Dataset items:
◇ ◇ ◇ ◇ ◇ ◇ ◇

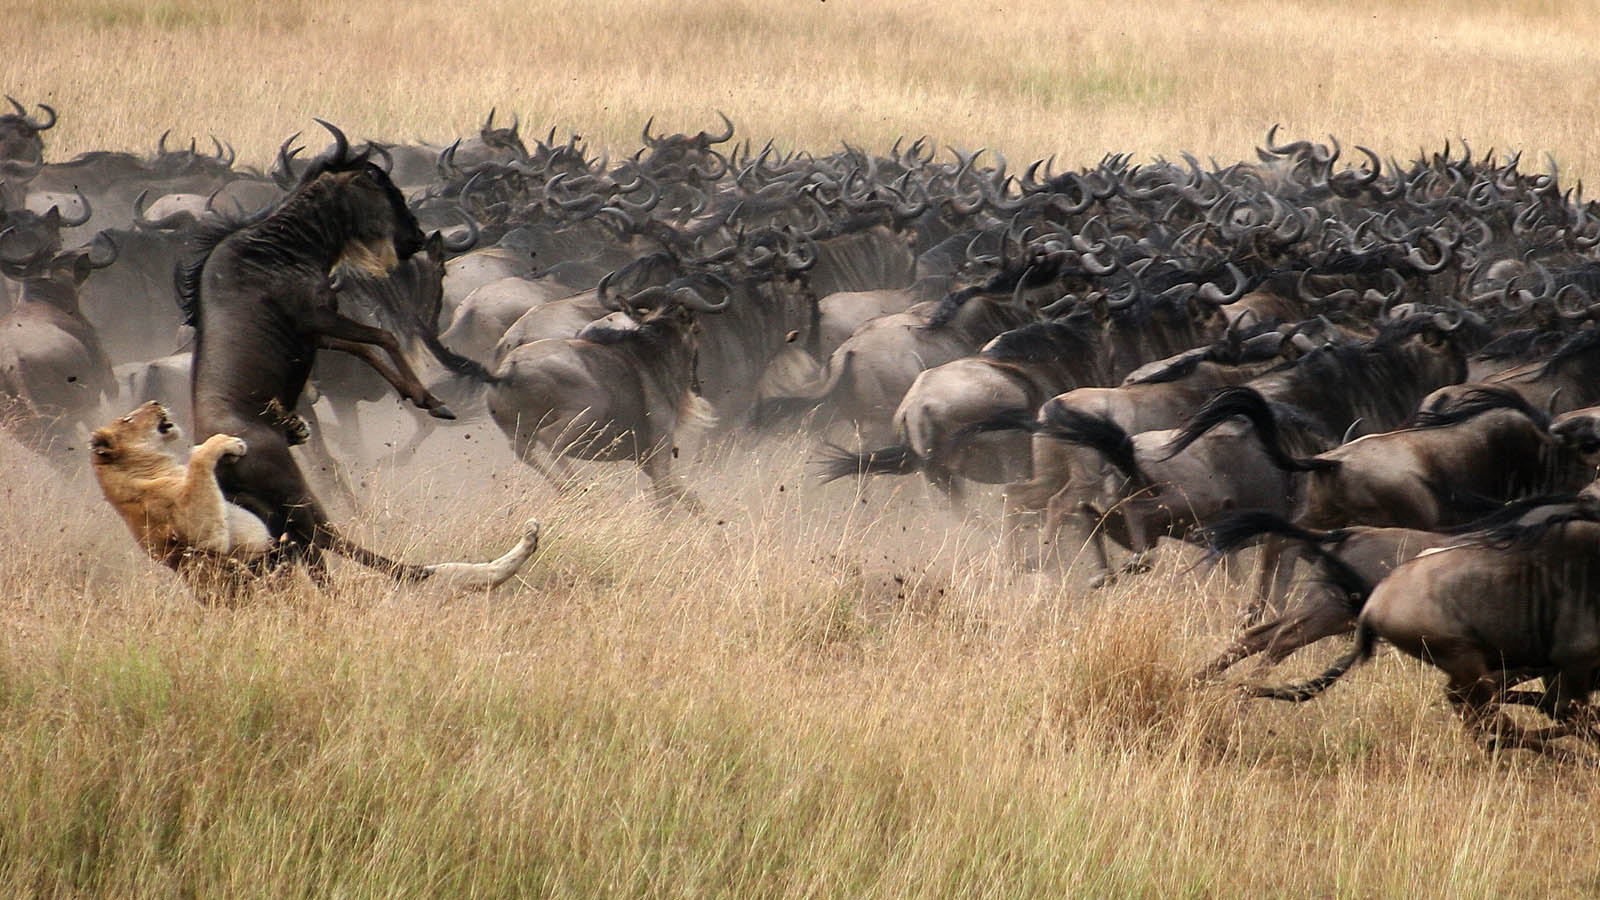 Serengeti wildebeest migration tour
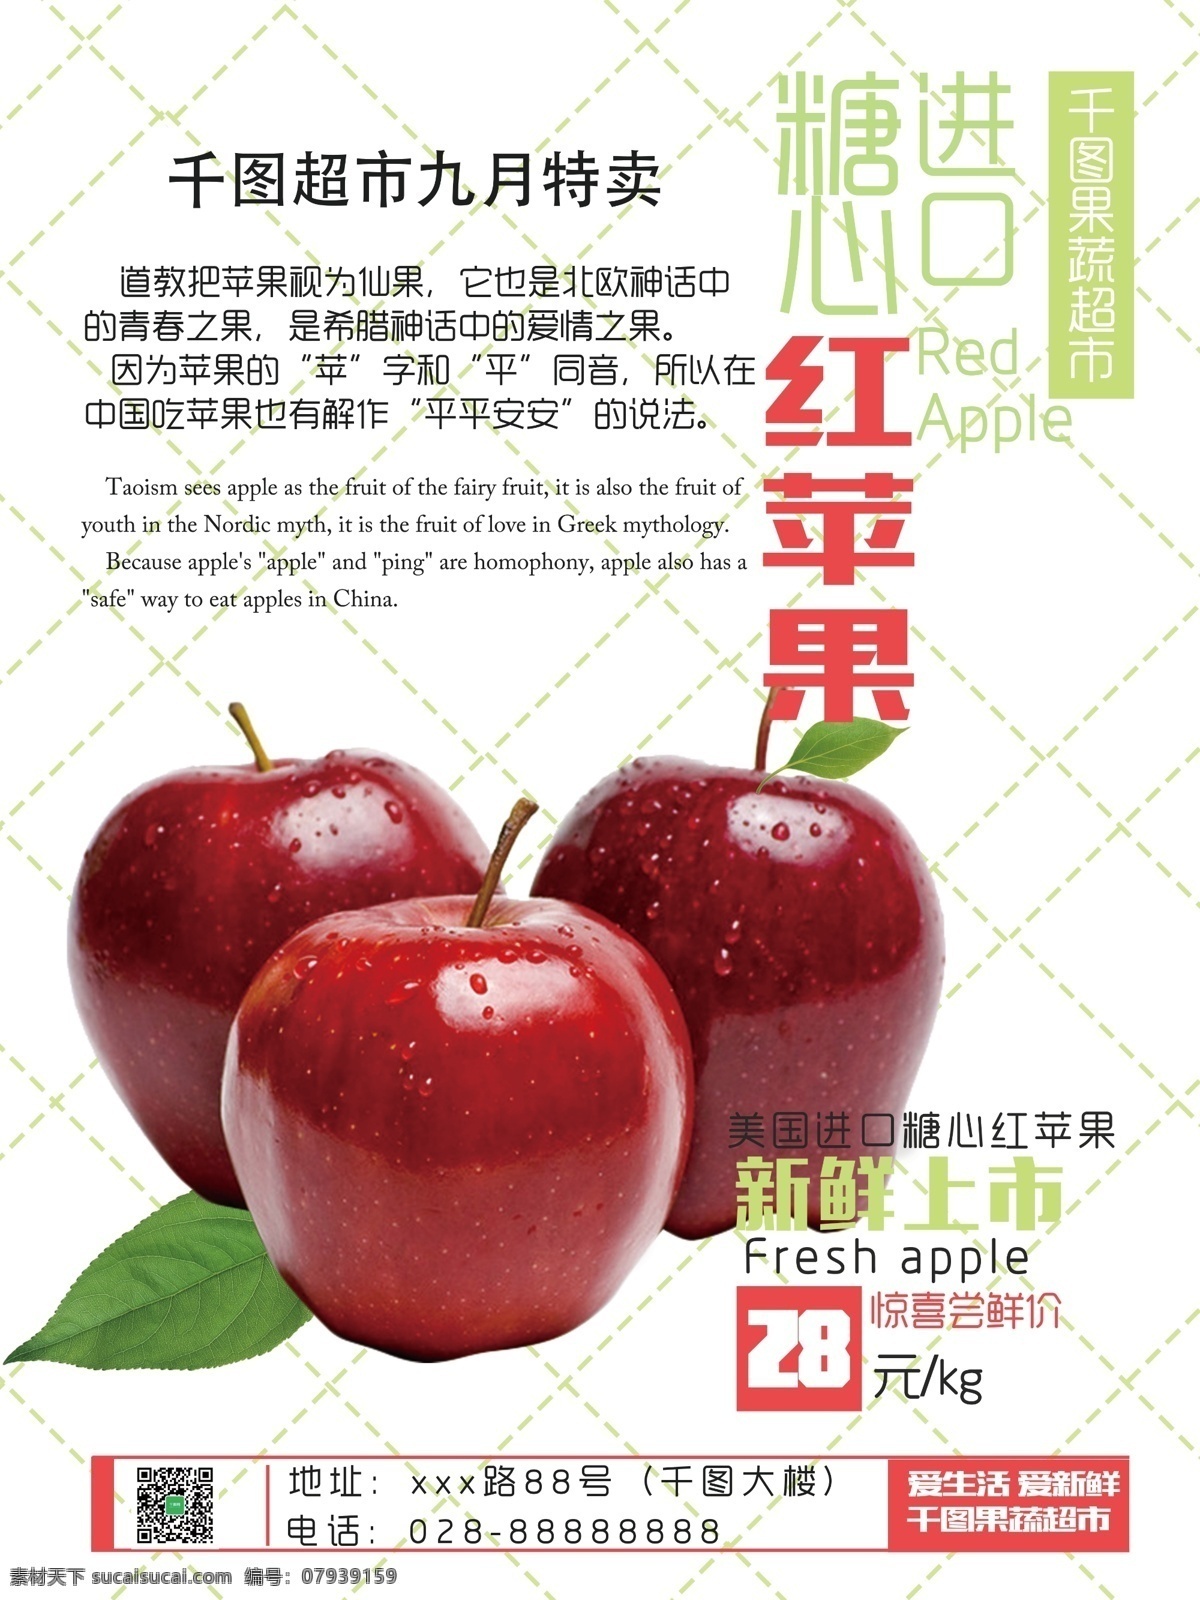 红色 小 清新 超市 九月 水果 苹果 促销 海报 小清新 网格背景 红绿色搭配 红苹果
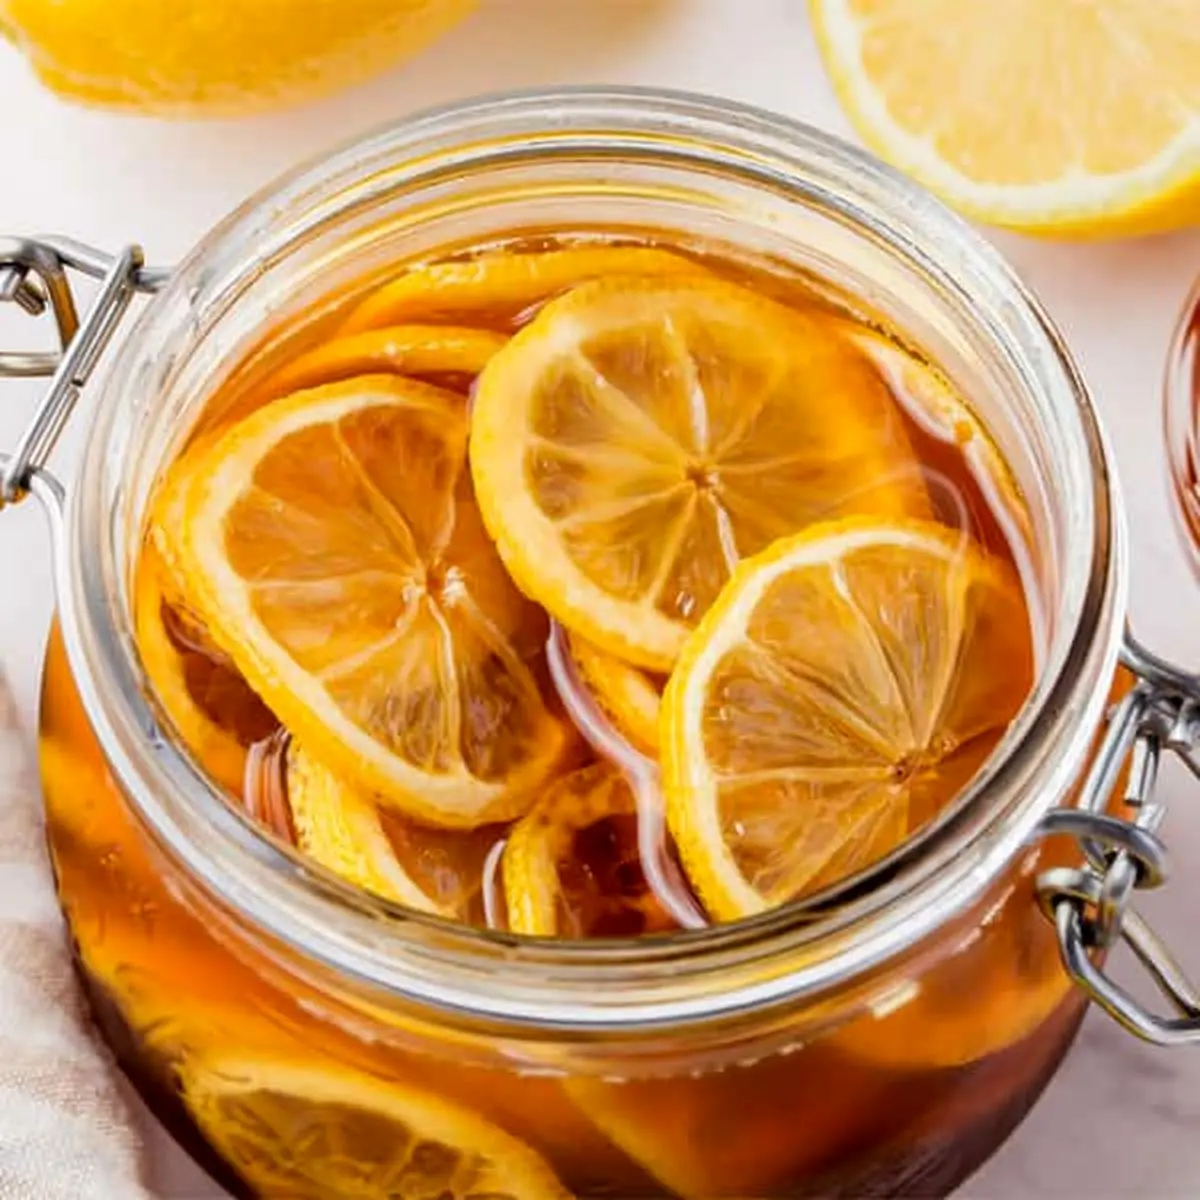 لیمو عسلی معجون معجزه گر سرما خوردگی رو این طوری درست کن
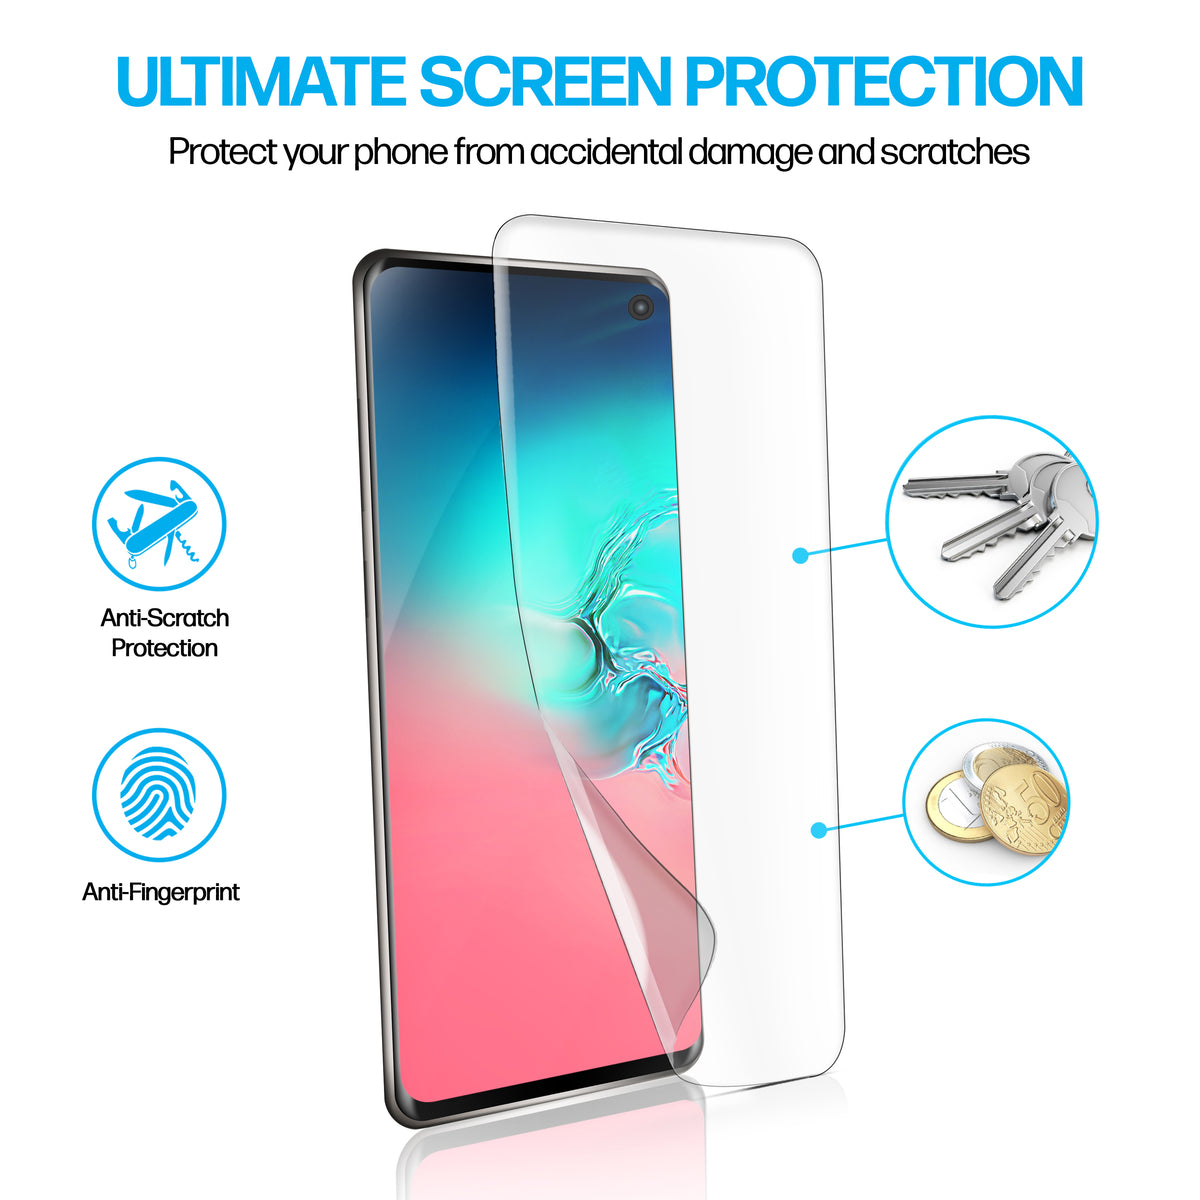 Samsung Galaxy S10 TPU Anti-Scratch Screen Protector Film [2-Pack] Cover
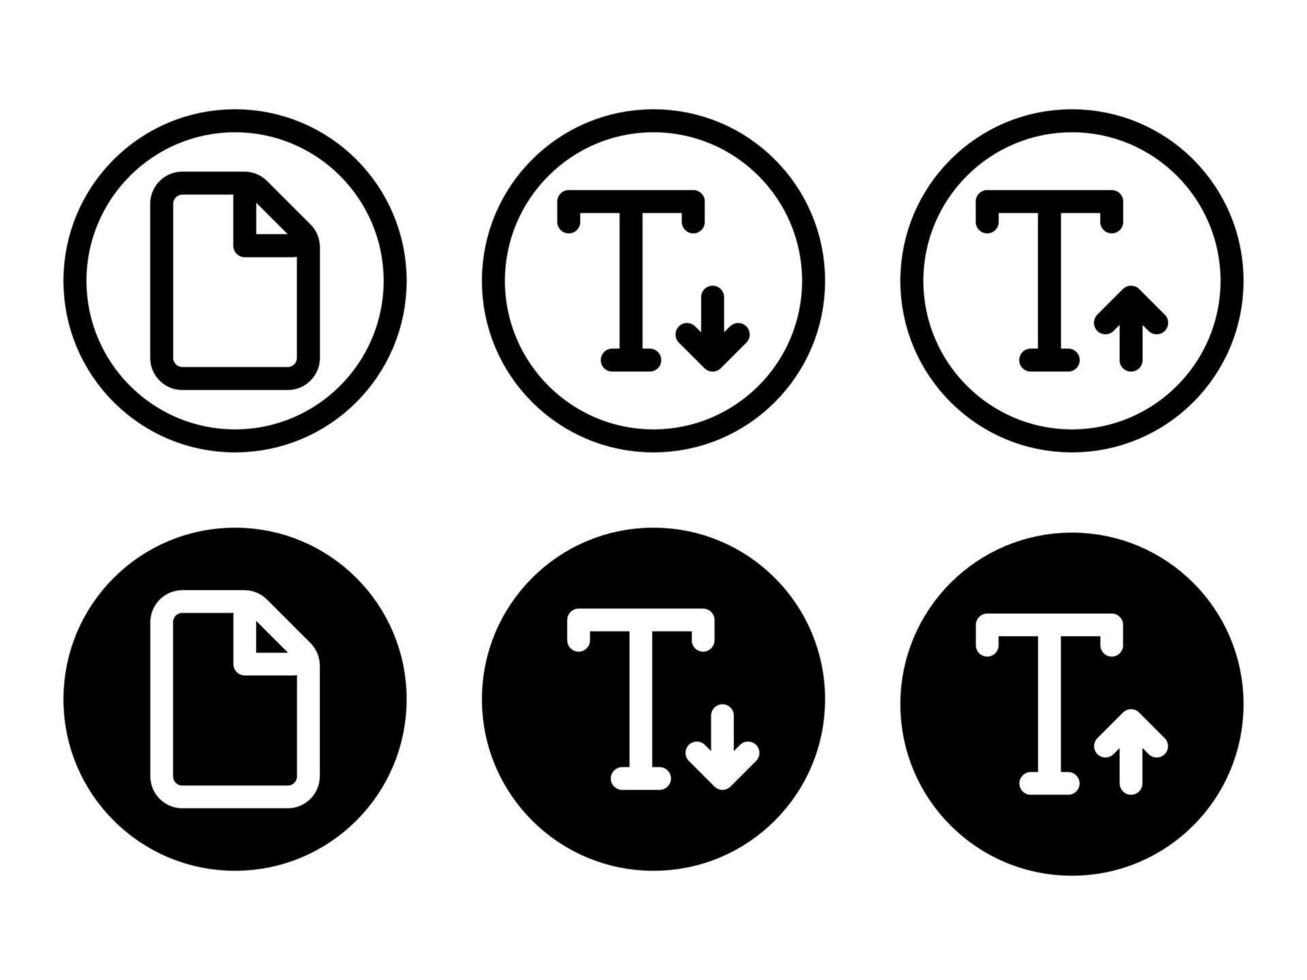 texto para cima e texto para baixo conjunto com ícone de arquivo em ícones de estilo moderno estão localizados em fundos brancos e pretos. o pacote tem seis ícones. vetor

◇ ◇ ◇ ◇ ◇ ◇ ◇

Output each entry verbatim; none of the pictures should be included.

• Problem solution
 Serengeti wildebeest migration tour
 红色 小 清新 超市 九月 水果 苹果 促销 海报 小清新 网格背景 红绿色搭配 红苹果
 لیمو عسلی معجون معجزه گر سرما خوردگی رو این طوری درست کن
 Samsung Galaxy S10 TPU Anti-Scratch Screen Protector Film [2-Pack] Cover
 texto para cima e texto para baixo conjunto com ícone de arquivo em ícones de estilo moderno estão localizados em fundos brancos e pretos. o pacote tem seis ícones. vetor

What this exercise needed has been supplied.